Alternatively, the above-described subtitle setting parameters may include parameters required for multi-language subtitle display. Thus, the electronic device can translate the target subtitle based on parameters required by multi-language subtitle display to obtain multi-language subtitle, and combine the multi-language subtitle with video data of the original video. For example, assume that multiple languages included in the subtitle setting parameter are chinese and english, so that after obtaining a target subtitle, the electronic device translates the target subtitle into chinese and english subtitles to form a double-language subtitle, and combines the double-language subtitle with video data of the original video, thereby obtaining a target video including the double-language subtitle.
It should be noted that, the above process of combining the processed target subtitle and the video data of the original video may refer to the specific description in S104, and this embodiment is not repeated here.

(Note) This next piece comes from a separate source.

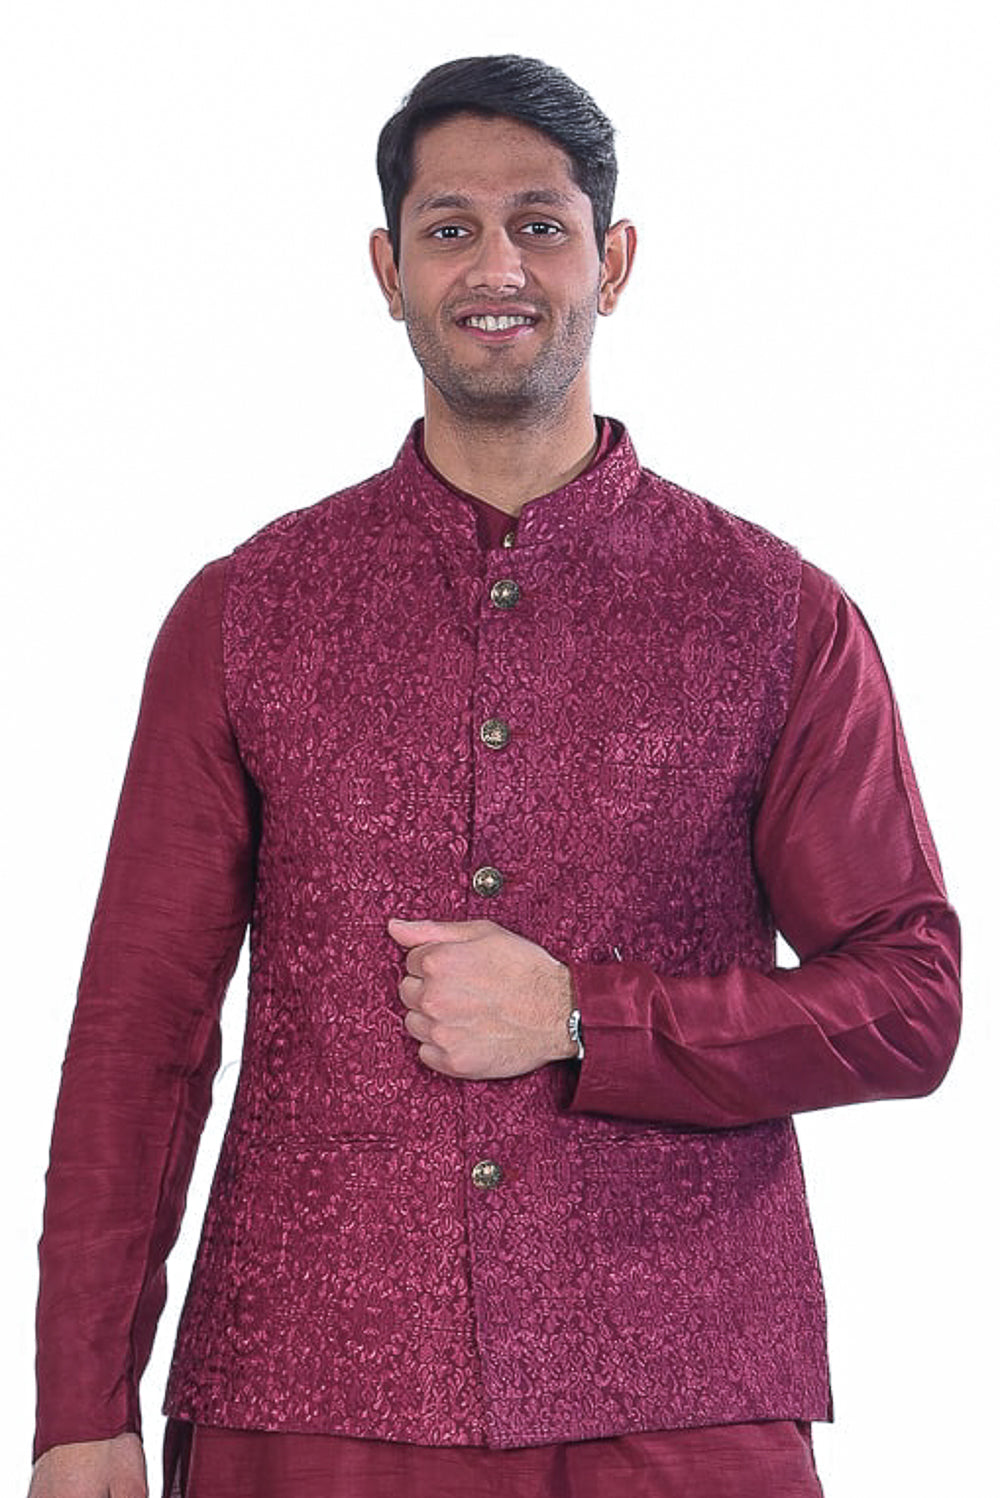 Wine Koti Jacket Set with Embroidered Motifs

In this embodiment, the electronic device may process the target subtitle based on the subtitle setting parameter input by the user, and combine the processed target subtitle with the video data of the original video, so as to obtain more personalized subtitle data, thereby implementing diversity of the subtitle data.
Further, referring to fig. 2, a process of generating a target subtitle is shown. In addition, S201 below is an alternative embodiment of identifying caption information in the caption area in S101 above, S202 below is an alternative embodiment of S102 above, and S203 below is an alternative embodiment of S103 above. As shown in fig. 2, the generation process of the target subtitle may include:
s201, identifying caption information in caption areas of all video frames, and obtaining a first candidate caption and a first confidence coefficient of each text in the first candidate caption.
The first confidence is used for representing the reliability degree of the text recognition result, and the reliability degree can be represented by a probability value. After determining the caption area of each video frame in the original video, the electronic equipment identifies caption information in the caption area through a preset character identification algorithm, and a character identification result is obtained. The text recognition result not only comprises the first candidate subtitle, but also comprises the confidence coefficient of each text in the first candidate subtitle.
S202, performing voice recognition on the audio information of the original video to obtain a second candidate subtitle and a second confidence coefficient of each text in the second candidate subtitle.
Wherein the second confidence level is used for representing the reliability degree of the voice recognition result, which can be represented by a probability value. The electronic equipment carries out voice recognition on the audio information of the original video through a preset voice recognition technology to obtain a voice recognition result. The speech recognition result not only comprises the second candidate subtitle, but also comprises the confidence coefficient of each text in the second candidate subtitle.
S203, fusing the first candidate caption and the second candidate caption according to the first confidence coefficient and the second confidence coefficient to obtain a target caption.
After the first confidence coefficient and the second confidence coefficient are obtained, the electronic device may fuse the first candidate subtitle and the second candidate subtitle obtained in different manners based on the first confidence coefficient and the second confidence coefficient, so as to generate the target subtitle. Optionally, the electronic device may compare the first candidate subtitle with the second candidate subtitle, and when the characters in the same position in the first candidate subtitle and the second candidate subtitle are different, may select the character with higher confidence as the target character in the position; when characters at the same position in the first candidate caption and the second candidate caption are the same, the characters are directly selected as target characters at the same position, and the target characters at all positions are combined to obtain the target caption.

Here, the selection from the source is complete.